Prophets without honour

John Galt’s Annals of the Parish is not towards the top of any college reading list, yet read patiently through its very mild Scots English it gives a good account of the Revolution that came to industry and society towards the end of the 18th century, and into the early 19th. Moreover, it does this in a manner cozy and compact, as the diary of a country clergyman in Ayrshire, far, far from any world-historical events.

It is the book in which John Stuart Mill discovered the word “utilitarianism,” putting it to use many decades later in the service of liberalism and progress; whereas Galt’s decent if vain and rather conceited narrator, the Reverend Micah Balwhidder, knew better. In the rural Jacobins of his age he saw the wicked appropriation of all Christian ideals to the new materialist creed, and with that the formation of the Big Lie that has governed every “enlightened” machination through the two centuries since his time. Not all Galt’s many novels are strictly readable today, but he left an half-dozen whose gentle irony is seriously addictive. He was what we call “a natural” in the art of prose fiction.

With Galt himself (1779–1839), and his “Canadian angle,” I will hardly deal. Yes, on sojourn from his native south-west Scotland, as superintendent of the Canada Company, he pioneered settlement of the Huron Tract in southwestern Ontario. Founder of Guelph, Goderich, and so forth. Recalled to England, he was rewarded with imprisonment for sloppy bookkeeping. His services to the British Empire elsewhere were significant, and his earlier adventures with such as Lord Byron in Europe, add to the largeness of his biography; but as I say, he is forgotten. We now live in a society that has no use for great men, whether living or in recollection.

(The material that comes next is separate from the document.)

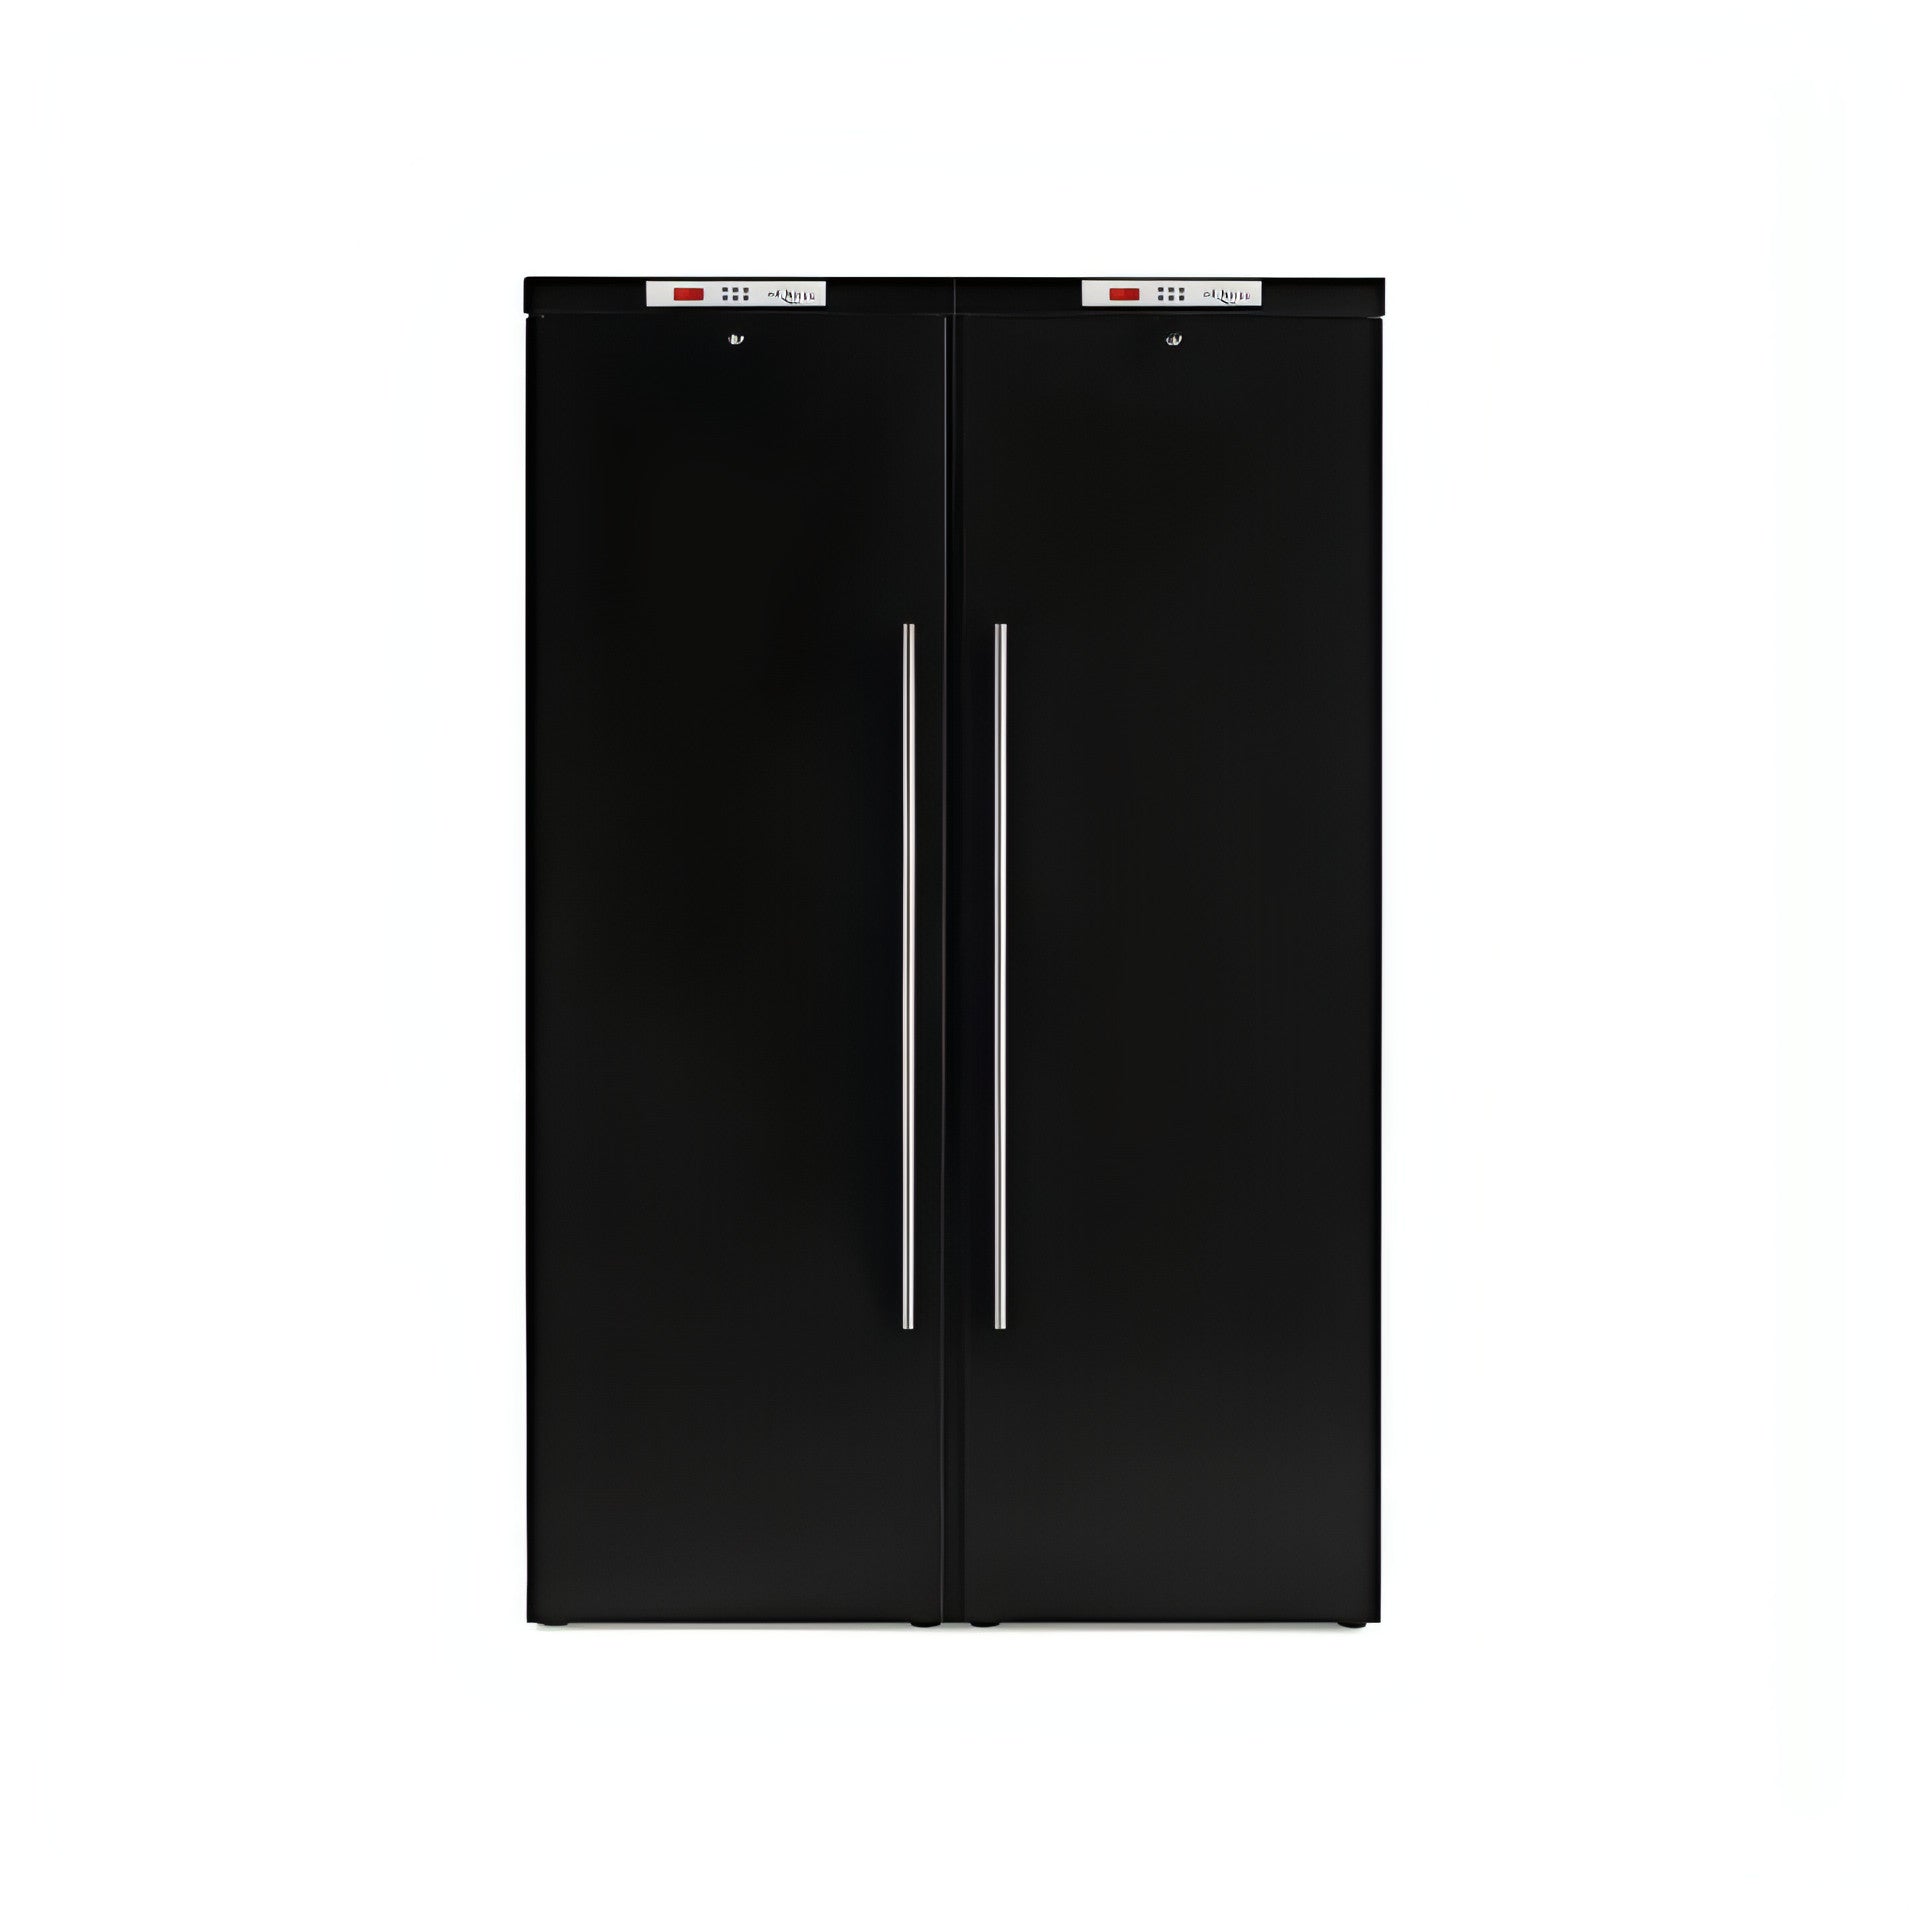 mQuvée - Freestanding - Wine Cabinet - WineStore 1200

My interest of the moment is Galt’s depiction of “a natural,” plural capitalized as “Naturals,” of the Ayrshire landscape; “haverels” in Scots. The term refers to the village idiot or fool, there being by reputation one in every place. They were by ancient custom not allowed to travel, both for their own good and the public weal; as wandering they would tend to collect uselessly in the cities. Davie Gellatley is the male model in the Annals, Meg Gaffaw a female equivalent; “Daft Jamie” is memorable in another work. Each plays the part of The Fool in the mediaeval tradition preserved in Shakespeare — being given the ancient liberty to “speak truth to power,” and to be fonts of paradoxical wisdom and wit.

For, Davie was “no sae silly as folk tak’ him for,” or rather, from frequent contact, folk would often tak’ the “puir fellow” for a kind of prophet. And this is only possible among people who may glimpse Christ in him.

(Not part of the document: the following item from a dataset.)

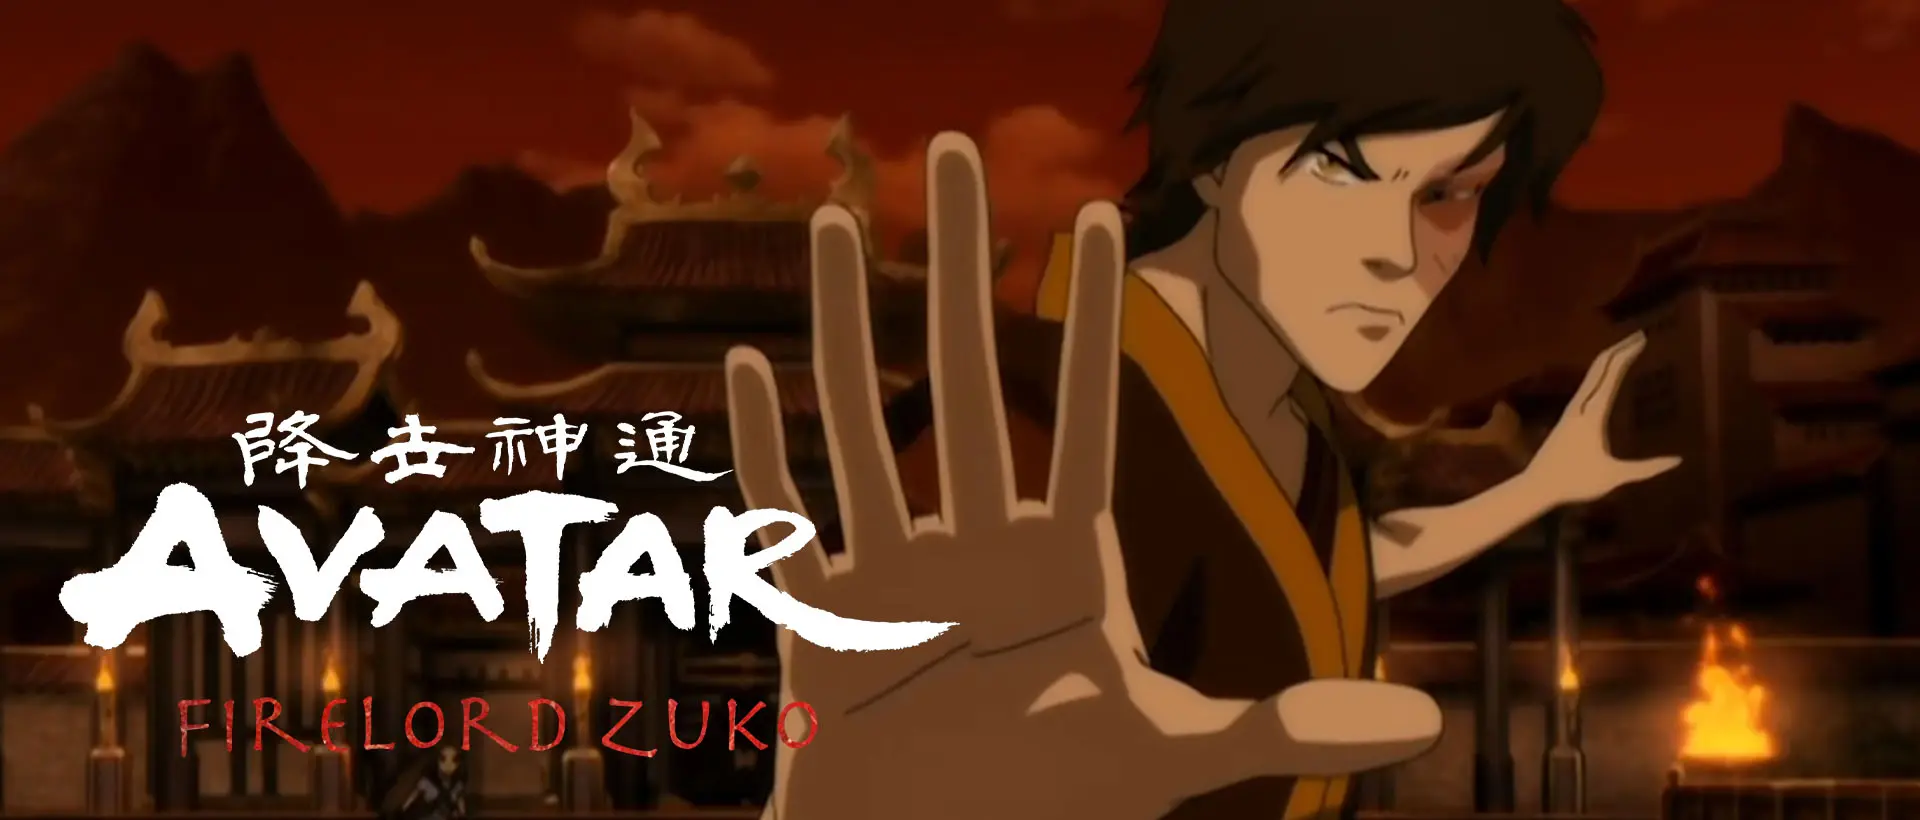 avatar firelord zuko animated movie 2026 banner

Today, in for instance greater Parkdale, his descendants are placed on the welfare rolls, and offered the attention of social workers, when not simply left to the ministrations of the weather. They are defined as “homeless” and as “social problems.” Sympathy is directed to them as a class, but in a cold, abstract way. Our ear buds help us to ignore what they are saying. They disrupt the sterility of conurban life, get in our way on the sidewalks, and should they become more a nuisance can be drugged into docility as outpatients of our “mental health” bureaucracy.

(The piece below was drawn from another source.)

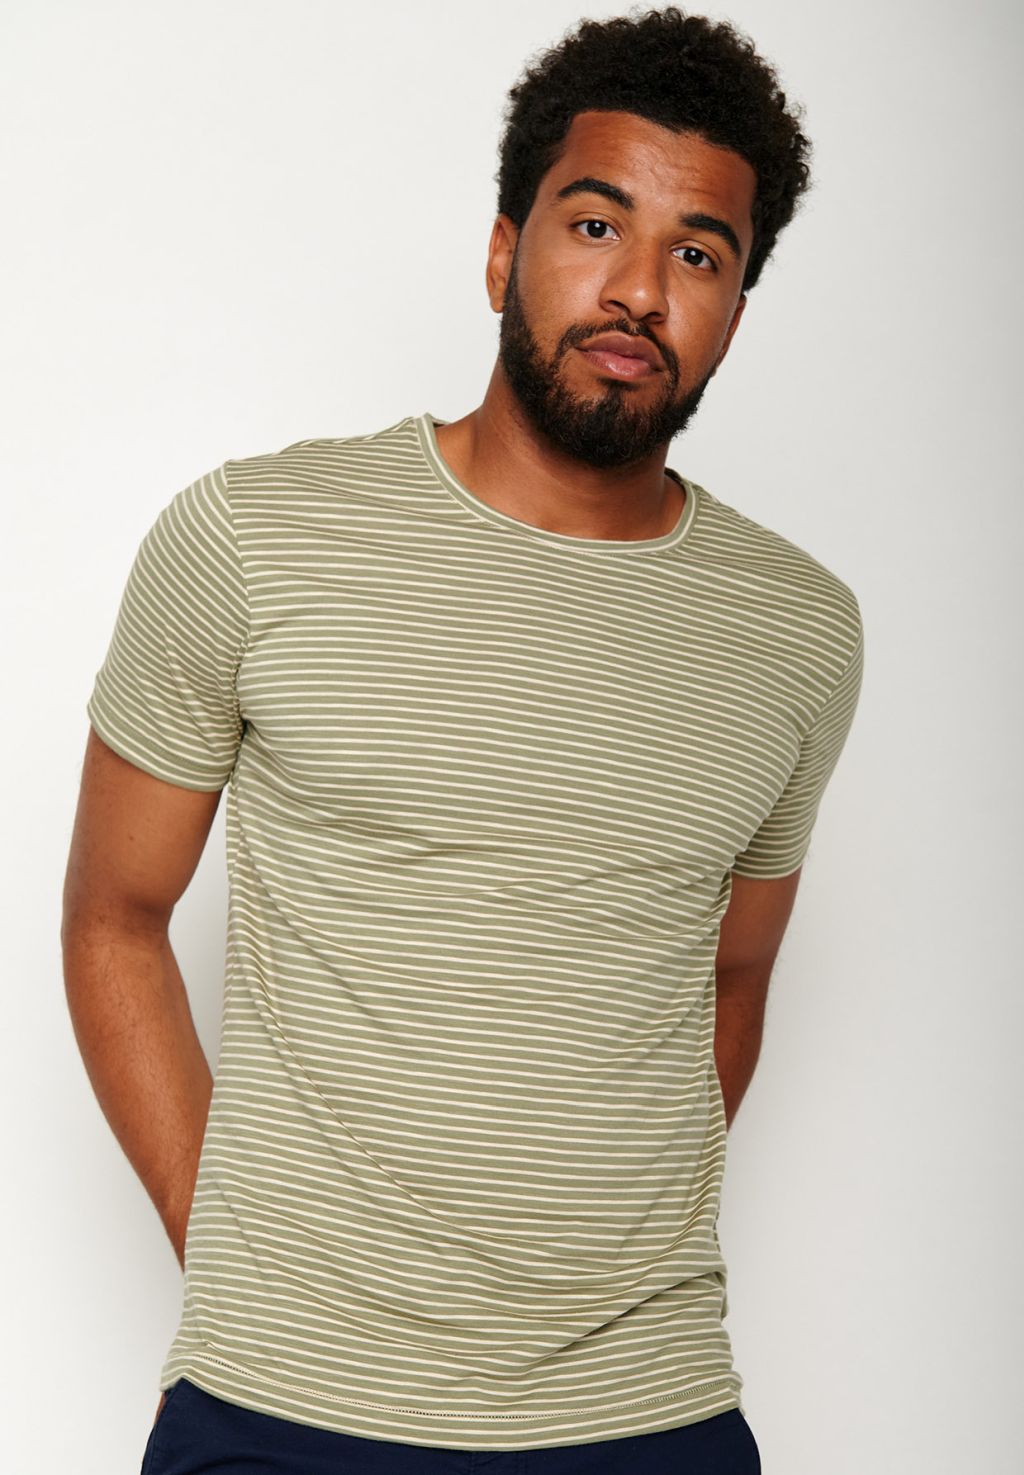 Spice Striped Shirt Gots Sea Green M

Knowingly, or perhaps unknowing since he was himself somewhat prophetic, John Galt celebrates an aspect of that antediluvian world, before utilitarianism was legislated. What to us is a bother and worriment for the authorities, was to the mediaeval and earlier modern mind instead a community resource.


Perhaps I should clarify that the above has nothing to do with the character “John Galt” in Ayn Rand’s Atlas Shrugged; or any other garage mechanic from Ohio. Nothing whatever. I’m sorry to have to mention that woman’s name in an Idlepost. I hope it will not be necessary again.